Community pharmacist independent prescribers (CPIPs) can relieve pressure on GPs and primary care teams, but more must be done to bring them up to independent prescriber (IP) status if the benefits are to be felt widely, a report from the University of Nottingham has found.
The study looked at the GP Pharmacy Transformation project, which was funded by NHS England, to assess what CPIPs in general practice could offer to broaden the services they provide in extending the capacity of primary medical services.
The project covered five clinical commissioning groups in the East Midlands; six general practices were matched to six CPIPs for a period of one year. The CPIPs worked for between one and four days per week in each practice, completing a total of more than 13,000 consultations throughout the year.
The study found that from day-one of their placement, CPIPs were conducting medication reviews that immediately freed up time for GPs. It also found that CPIPs were able to begin chronic disease reviews in the first six months of the role and were in a position to undertake them independently thereafter; this further released time for GPs and generated income for practices through the Quality and Outcomes Framework (QOF) scheme.

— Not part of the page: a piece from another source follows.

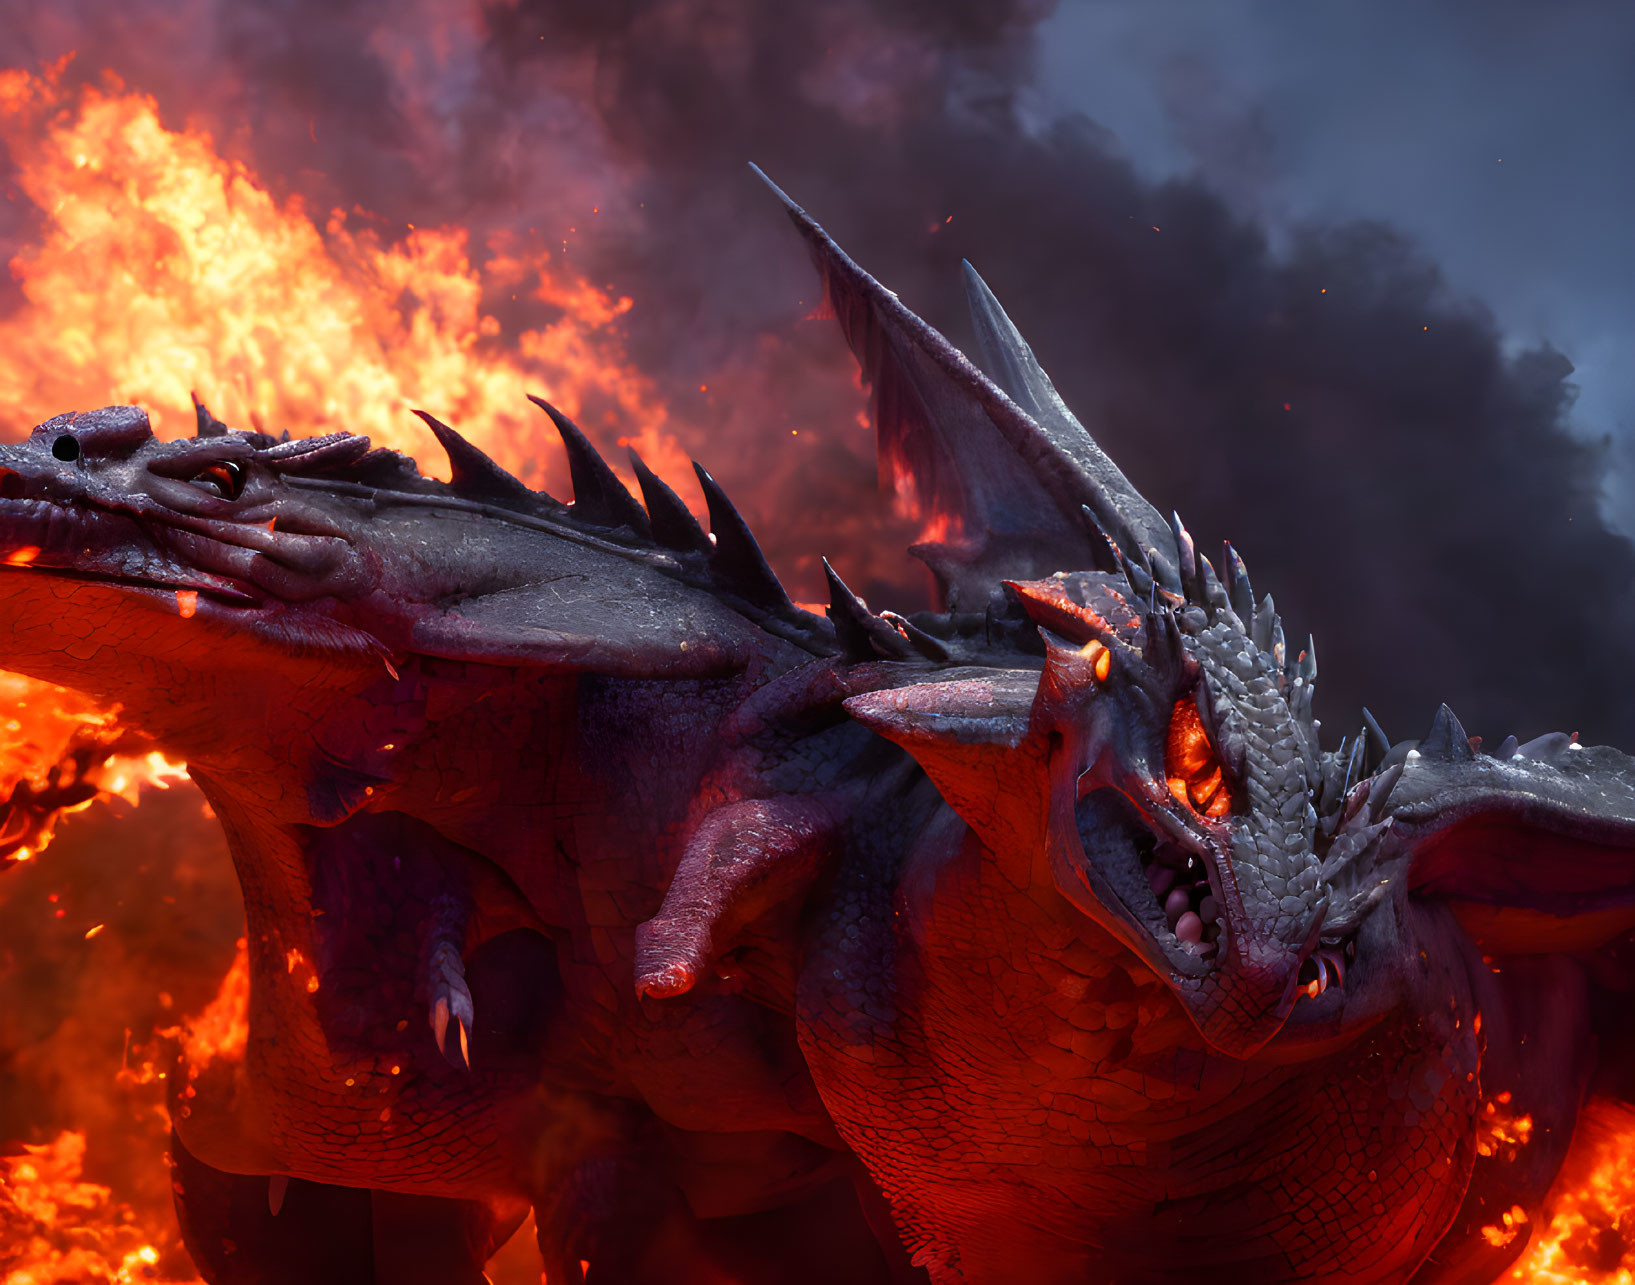 Red Three-Headed Dragon in Fiery Inferno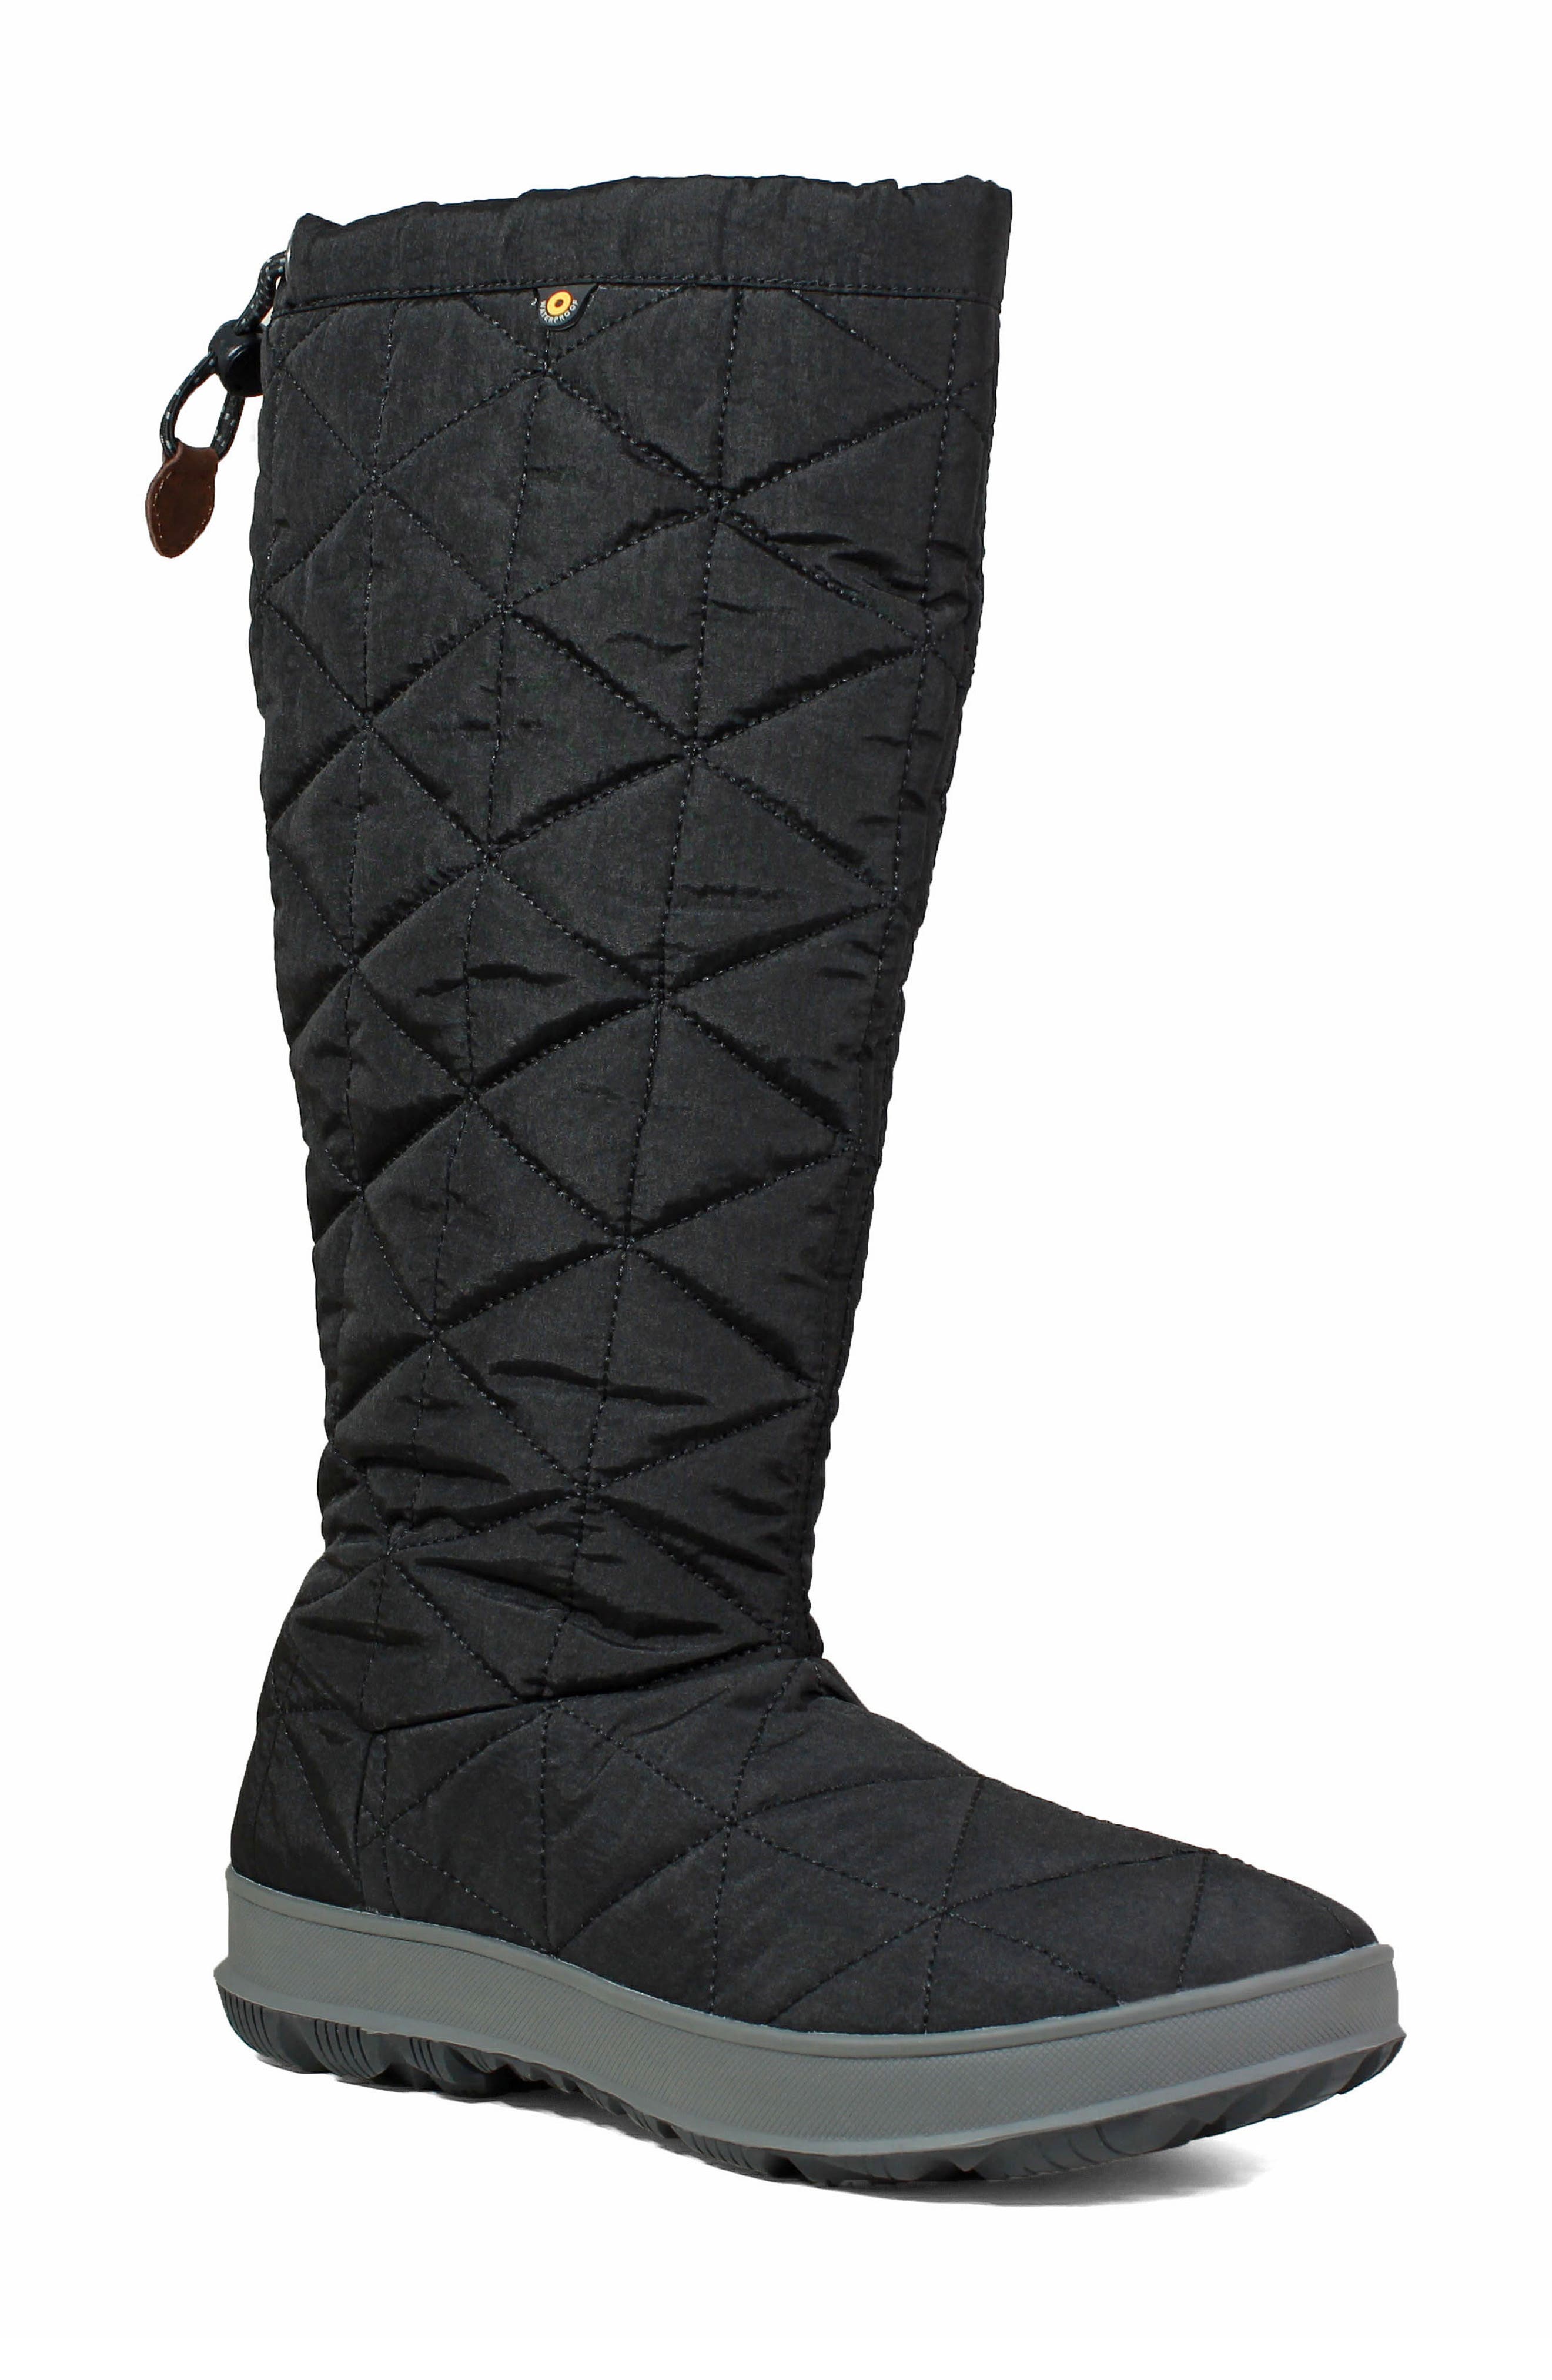 bogs women's snow boots

CPIPs who had either been working for more than six months, or who had experience of secondary care, could also support primary care colleagues in the hospital discharge process, which had a significant impact on preventing readmissions.
Source: Courtesy of Matthew Boyd
However, the report also highlighted recruitment of CPIPs as being particularly challenging, due to the limited supply of qualified CPIPs. As a result, one post was filled via a secondment of a hospital pharmacist. The authors suggested that further upskilling of pharmacists to IP status may benefit the overall development of the sector.
“This pilot and report is very timely, as it comes at a time when GP practices are under increasing pressure to provide services, with factors like an ageing population and management of a growing number of chronic conditions adding to the pressure they are under,” said Matthew Boyd, study lead and associate professor in patient safety and pharmacy practice at the University of Nottingham.
Sandra Gidley, chair of the Royal Pharmaceutical Society English Pharmacy Board, described the potential that pharmacists have in taking pressures off of GPs as “immense”; however, she said that many community pharmacists were not able to access IP training because of the lack of clarity over who will fund ongoing prescribing activity.
“We need to train the prescribing pharmacists, alongside giving urgent consideration to how we can incorporate them into the primary care system. We now have the evidence base, so there are no longer any excuses for putting barriers in the way of becoming IPs,” she said.
Gidley added, “There are no longer any excuses to avoid developing ways in which prescribing community pharmacists can become integral members of the primary health care team.”
Among other key findings in the report was that proper induction was vital to the success of the scheme. The induction usually lasted around eight days, and included clinical shadowing and IT training. Mentoring was also found to be valuable, although it was noted that this took up GP time.
The report concluded that the most noteworthy benefit of having CPIPs in GP practices was that, by offering longer appointment times, they were able to deliver more holistic person-centred care, increase medication adherence and deprescribe on a regular basis, leading to more efficient and effective use of medicines.
The CPIPs also used motivational interviewing and monitoring to generate lifestyle changes in patients which, the report said, could have a long-term impact on the overall wellbeing of patients.
The patients reported increased satisfaction through management of medication reactions and interactions to minimise side effects.
“As well as the data we collected, there were many individual patient cases which demonstrated the value of the service the CPIP was providing,” Boyd commented.
“For example, one patient was able to give up smoking after 50 years, after receiving lifestyle advice and support from the CPIP.”
The report added that management roles were vital to allow neutral support to both the pharmacists and the GPs to manage the scheme, overcome barriers and achieve key performance indicators.
The University of Nottingham will also be involved in evaluating the NHS England Clinical Pharmacist programme pilot and second-wave implementation.